Recovery Connections

John Schwary is CEO of Transitional Living Communities, an 900-bed recovery program he founded in Mesa, Arizona January 9, 1992, when he had a year sober. He's in his 30th year of recovery.

In these posts, he views life mostly through the lenses of recovery. While the blog is factual, he often disguises events and people to protect anonymity.

Thursday, December 26, 2019


So here we are once more on the cusp of a new year. And it seems like January of 2019 just kicked off yesterday.

I don't know if I accomplished anything this year, though I did complete a divorce. Which was a relief from the anxiety of court appearances and wondering how much my legal bills were going to be for the next month.

I've never made New Year's resolutions. I'm not sure why I don't engage in that tradition. But when I got sober I made one big resolution: to live the best lifestyle I could. And I knew that I didn't have to wait till the beginning of the year to kick it off.
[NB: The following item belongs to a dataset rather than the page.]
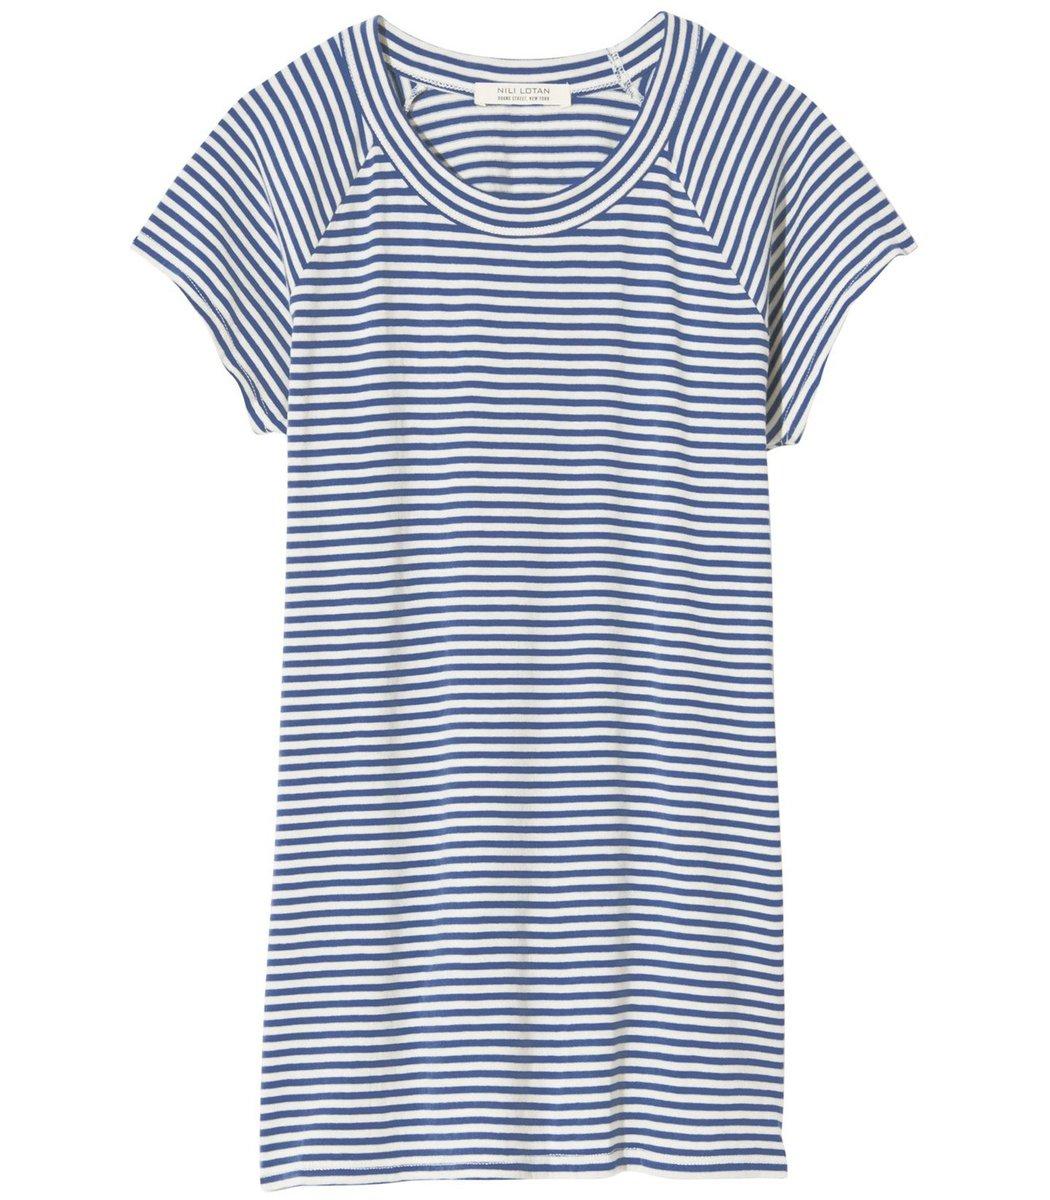 Nili Lotan Short Sleeve Baseball Tee in Sailor Blue/White Stripe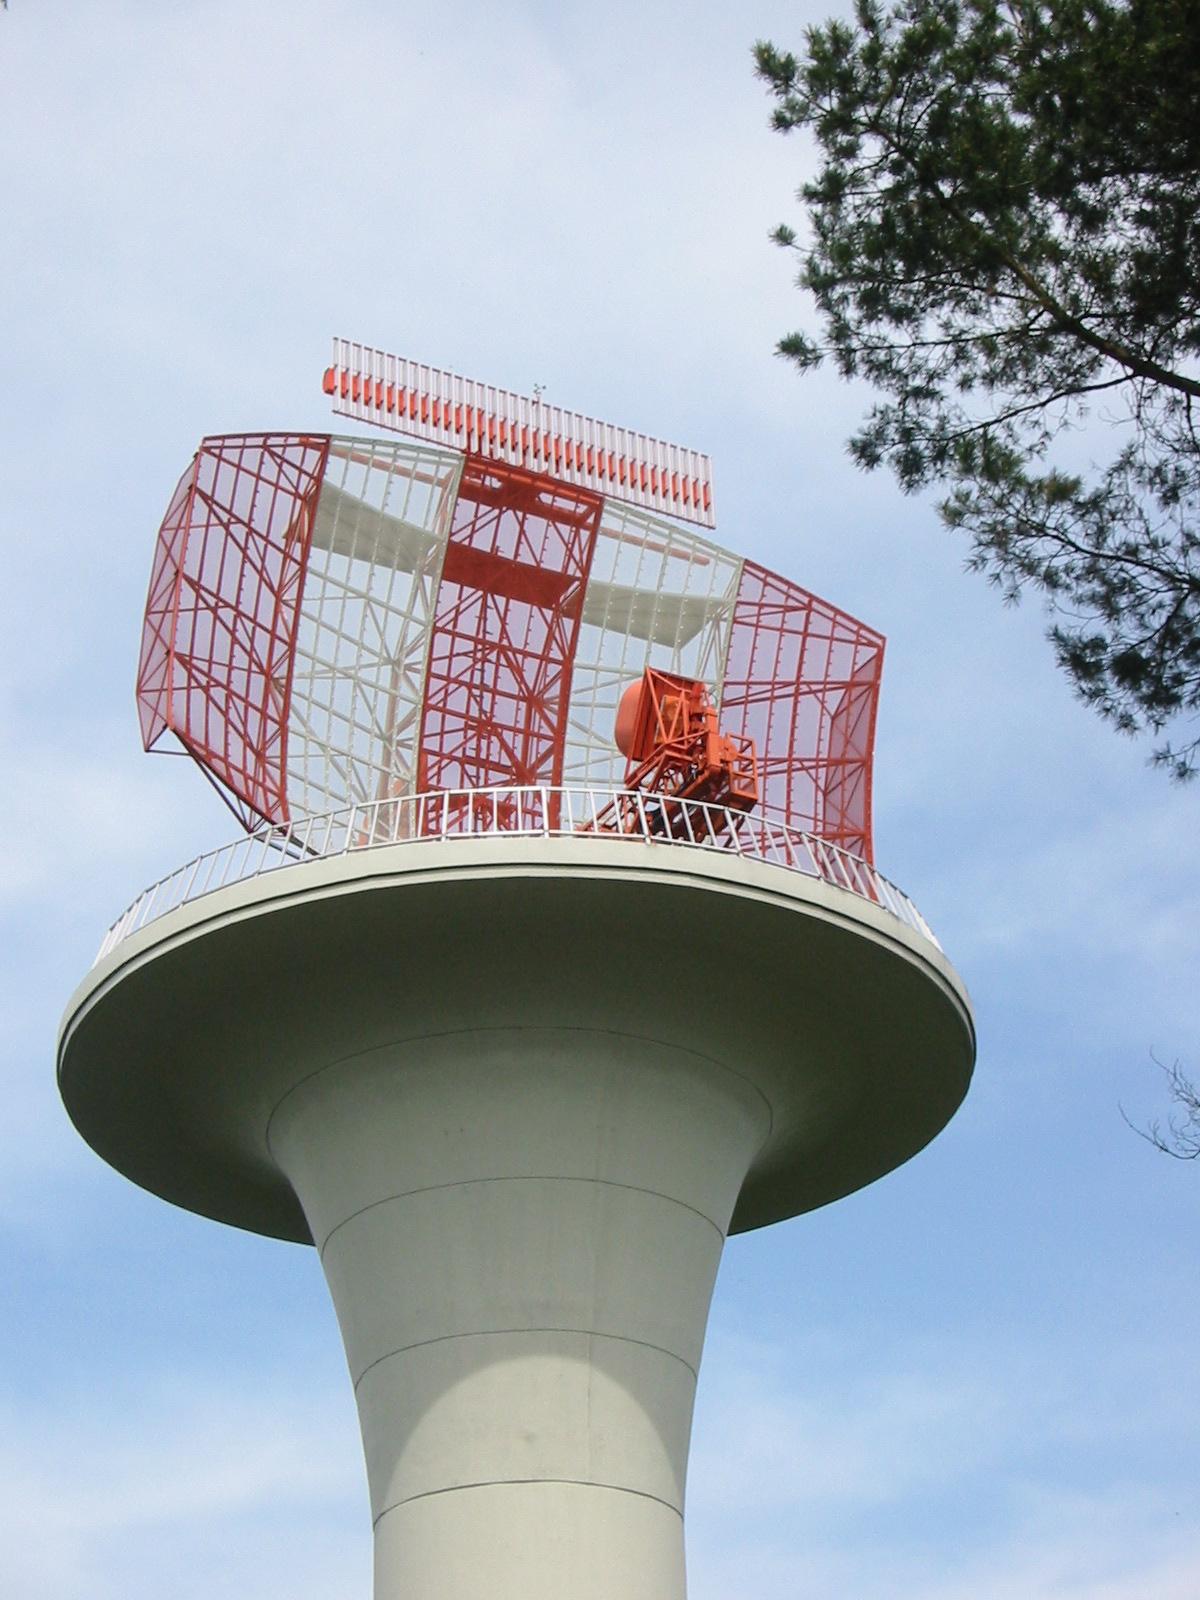 Deister-radar.jpg

When I got sober almost 29 years ago I made a resolution to live the best life I could. And for me, the best life I could live is one where I was fit and healthy in all ways. Emotionally. Physically. Financially. Spiritually.

So I did things to maintain my sobriety and recovery by going to twelve-step meetings. After I had a year sober I started a side business running a recovery program while working a 9-to-5 job. However, circumstances changed and I ended up having to leave my 9-to-5 job to run the recovery program full-time because it grew so rapidly it required my full-time attention.

But I did more than just go to meetings and build a business. I began reading one to two books a month. I got involved in weightlifting and playing racquetball at the YMCA, a gymnasium I used for nearly 20 years until they sold the building. I also took a course in transcendental meditation, a practice I did for about 15 years until I switched over to mindfulness meditation. Meditation was a practice that was so good for me that I eventually obtained a certificate as a meditation instructor.

The picture I'm trying to paint here is one of being involved in constant improvement. I guess it's all right to set goals or make New Year's resolutions. However, that hasn't been my best way to get things done. I believe that we improve our lives by getting involved in something that we can do one day at a time, bit by bit, inching along with progress and not necessarily hurrying toward a goal where we stop moving when we reach our destination. I believe that a well-lived life is one where we can continue to grow, where we can be a benefit to the community and give others the opportunity to improve their lives.

I'm not saying don't make a resolution because you're not going to listen anyway. For if you're an addict like I am, you'll learn your own lessons as you try different things. But for your sake and the sake of society do something positive – no matter what it is – because whatever you do positive will contribute to us living in a better world.

When we're out there living positive lives other addicts and alcoholics might notice us and want to follow our example. What better gift could you give the world?